It’s not easy to have a thick skin but it is important to be strong in the media industry – Women In Media

It’s not easy to have a thick skin but it is important to be strong in the media industry – Women In Media

By Karishma Kumari
Thursday 18/05/2023
[Image: Women in Media/ instagram]

Women in Media panelists say it is not easy to have a thick skin when working in the media industry due to the types of stories they cover and places they visit but they say they need to have the strength and support to motivate each other.

While speaking on a mental health discussion organized by the Fijian Media Association’s Women In Media, Communications Fiji Limited Senior Journalist, Rashika Kumar says being a journalist is not easy and not a smooth ride as the things we cover will affect us such as sensitive court stories and political stories.

She says covering the elections was stressful and difficult as the company was targeted by some politicians and she was also a victim of online harassment after a politician posted her photo.

Kumar says she also overcame challenges by talking to people in the newsroom virtually during the pandemic, engaging in physical activities, and getting motivation and support from News Director Vijay Narayan.

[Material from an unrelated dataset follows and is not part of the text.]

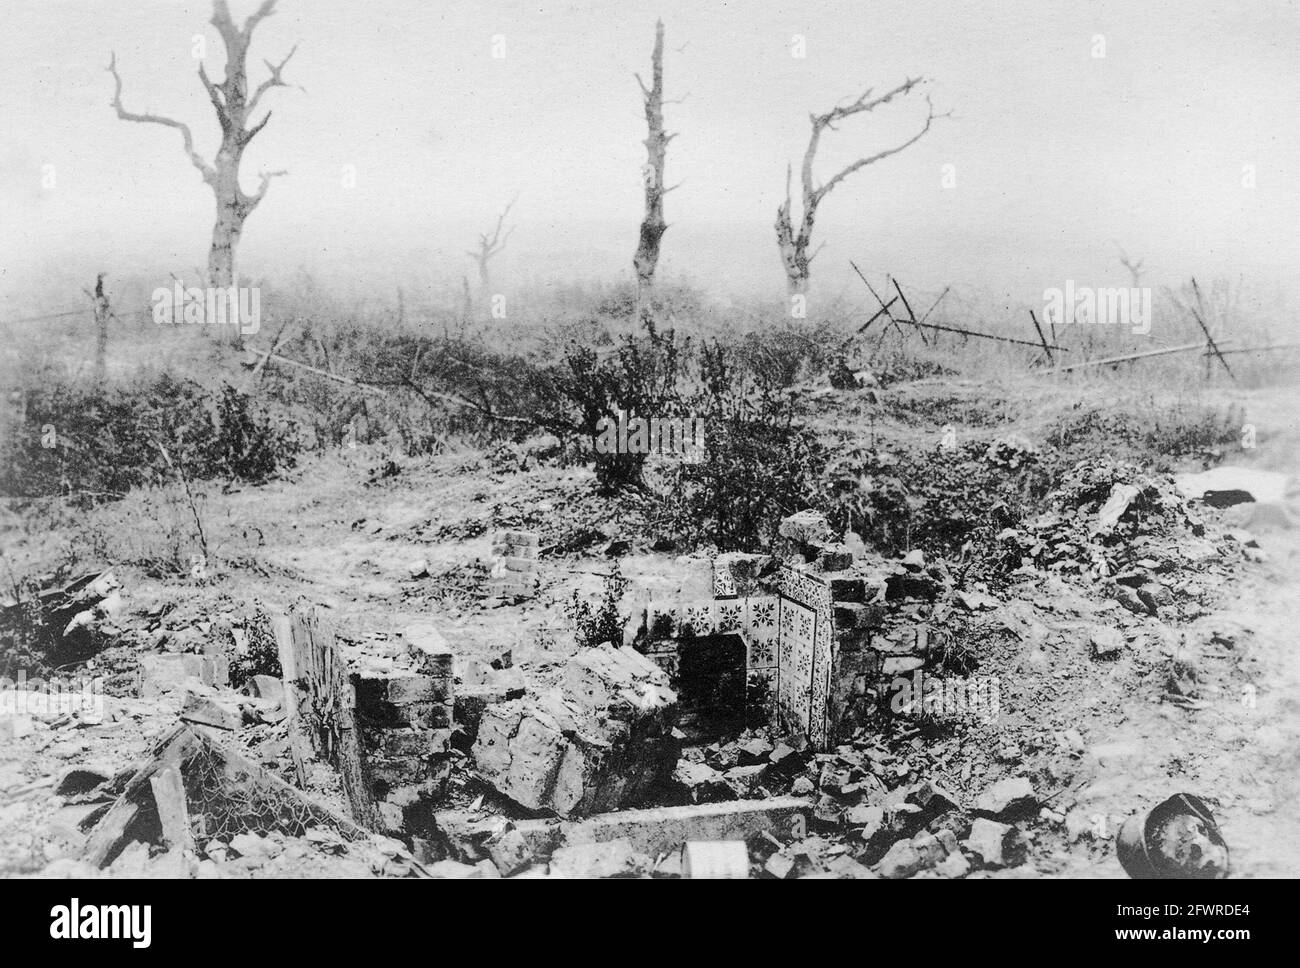 No Man’s Land at Malancourt, Meuse-Argonne, France, 1918. The first line of trenches are directly in front of the ruined house. Stock Photo

Reflecting on her experiences, former journalist and communications and development consultant, Ana Laqeretabua says it is very important to support one another and overcome challenges through difficult times.

The former journalist also says it is important to reflect to navigate a lot of things they do in life and they should be kind to themselves.

Fiji Times photographer, Sophie Ralulu says she has been in the media for more than 15 years and most of the time she is the only photographer in the field and the comments passed are not good.

She says sometimes it is very scary and sad but motivation from her colleagues and her hard work is what makes her brave and strong.

Fiji Sun journalist Wati Talebula says it was heartbreaking for her when she was sworn at online because of a story she did and she was also threatened by people with a cane knife while covering a sensitive issue.

Talebula encourages people to talk to their colleagues and share their challenges to relieve their stress and stay motivated rather than taking problems to their families.

Meanwhile, Psychology Discipline Coordinator at the University of the South Pacific Doctor Annie Crookes says media organizations must have protocols in place to help and support employees, facilitating peer mentoring sessions for those who are exposed to trauma and solving issues with counselors.

Crookes says organizations should also show pro-active support for reporters online, particularly in the face of harassment and team leaders to have roles in fostering help and support, reducing the stigma around mental health, and constantly reporting about mental health issues.